Inevitably, once I’d hit the “Publish” button on my last post, it struck me that there were a whole load of things I’d meant to say but had forgotten. Or to put it another way, the post itself wasn’t actually ready for the world. So here are a few more thoughts on the subject of failure. I’ll probably forget something important in this post too.
Anyway, what I meant to add was that as well as “the world not being ready for your story” and “your story not being ready for the world”, there are a couple of other frequent reasons for failure. First of all, there may simply be too many other really good entrants to that particular competition.
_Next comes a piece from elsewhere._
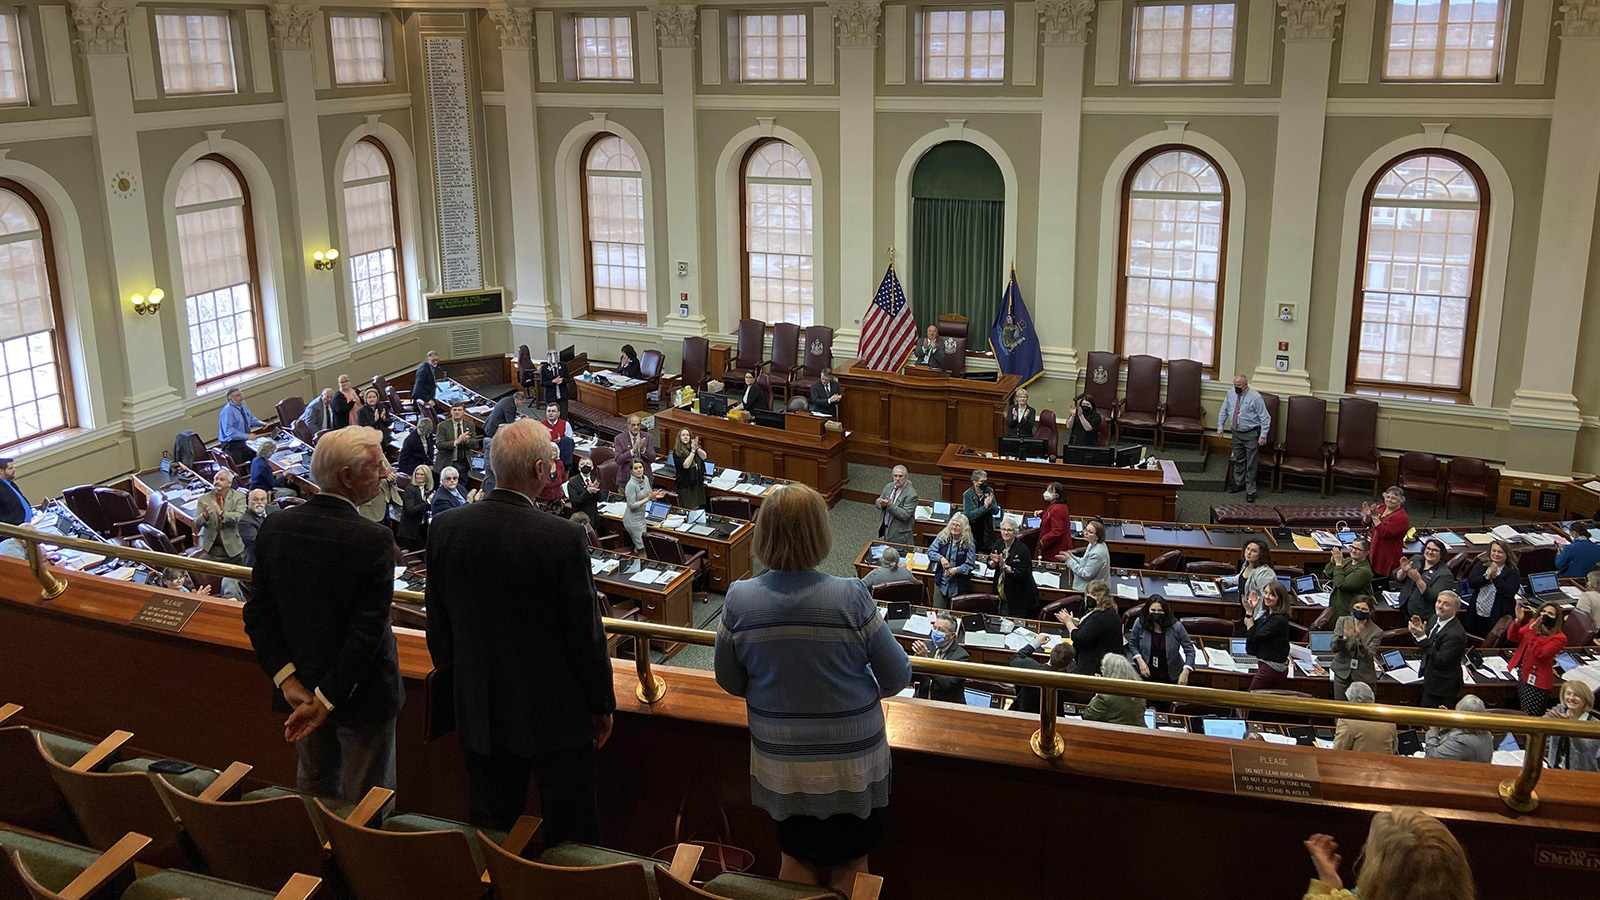 President Ferrini-Mundy, professor George Jacobson, and Maine Chamber of Commerce President Dana Connors standing in balcony of state house while Maine Legislature congratulates UMaine's attainment of R1 research classification

Yours may simply not be up to scratch, and however hard you polish it, it still won’t ever be good enough. (Very rarely, the opposite is occasionally true: Zadie Smith famously refused to pick a winner for the 2007 Willesden Herald Short Story competition because she felt that none of the stories in the preferred shortlist was worthy of the prize.) I’ve got plenty of stories like this lying around and I know that whatever I do to them, they’re never going to win a prize or get published anywhere nice, usually because the central idea has turned out to be dull or unoriginal or (frequently) both.
The last major reason for failure is that your story is one of those ones that people either love or hate and that so far you’ve managed to pick the haters. This is particularly tricky if you’ve entered it in a competition where there are two stages to the judging process and you’ve therefore got to get it past two different judging agendas.
I checked back over the stories in DOT DASH (I have all this logged for easy access – did you know that?) and one in particular stood out: “The Amazing Arnolfini and His Wife”. The first version of this was entered in a closed competition on the much-lamented Slingink website, where it pretty much bombed, coming 31st= out of a field of 57. This is what the judge said:
Compelling and thrilling once it’s going. The opening feels a little stumbling.
So the question is: what did I change to improve that stumbling opening before the same story took second place in the 2008 City of Derby Competition? Let’s take a look:
Ah. OK. So that would be no substantive changes at all, right?
Now this story subsequently went on to be chosen for BBC Radio 4’s 2010 Opening Lines season. So presumably I made loads more changes to improve it for that, yes?
Hmmm. Looks like it mostly involved strengthening a few of the verbs:
In other words, the story that got broadcast on BBC Radio 4 was to all intents and purposes the exact same one that failed dismally in a closed competition. Now it’s entirely possible that the Slingink judge was right and that it did need some more work to sort out that opening. But it could also be simply down to a difference of opinion.
That said, I have a couple of stories where the difference of opinion has lasted almost a decade. But we’ll get there. Eventually.